Author of the note Clark Butler says major technology companies that have been investing in renewable energy for some time are facing their next boom, while major fossil fuel companies are experiencing huge drops in market capitalization due to the oil price bottoming out, the spreading covid-19 pandemic, and the consequential share market slide.


“Global tech giants, corporates and financial institutions have been setting decarbonisation targets, working towards the Task Force on Climate-related Financial Disclosures (TCFD), and increasingly taking up renewable power purchase agreements (PPAs),” says Butler.

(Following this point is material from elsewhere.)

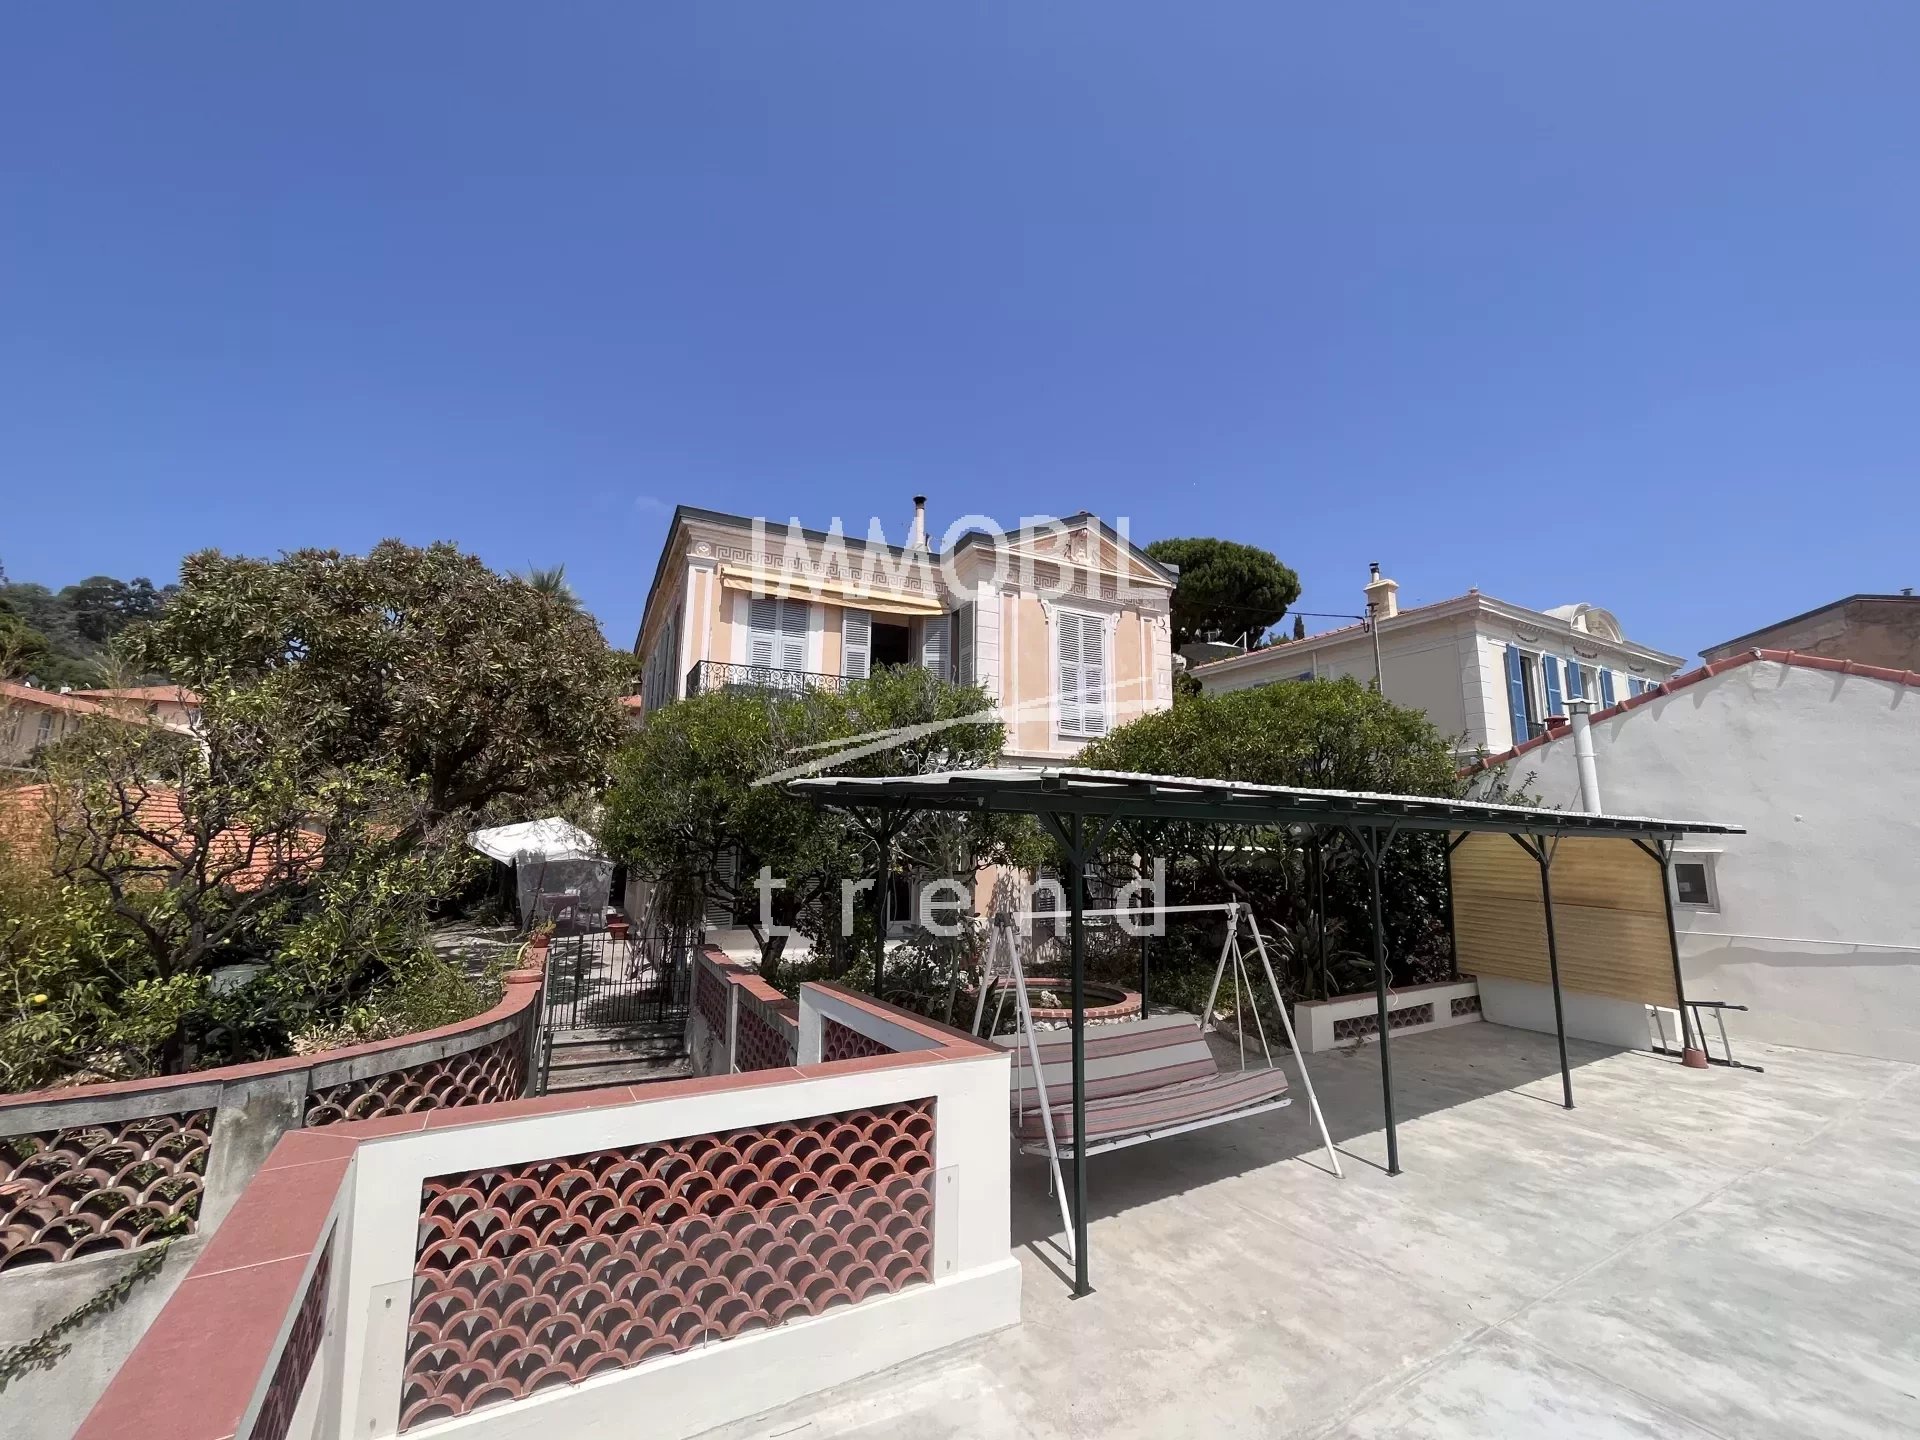 REAL ESTATE MENTON NEAR CENTER TOWN, PANORAMIC SEA VIEW, CARACTERISTIC VILLA  OF 9 ROOMS, GUEST HOUSE, GARDEN, TERRACE, BOX AND PARKING

“This has been against a backdrop of inaction, stalling or backtracking on energy policies by governments and little real movement by the fossil fuel sector.


BloombergNEF notes a new record take-up of corporate renewable PPAs in the U.S. last year, with 13.6 gigawatts (GW) of capacity contracted by U.S. companies under either PPAs or green tariffs.

In addition, 77 companies in the U.S. committed through RE100 to buying 100% renewable electricity. This compares to 10 companies in Australia, 31 in the United Kingdom, and 59 in the European Union.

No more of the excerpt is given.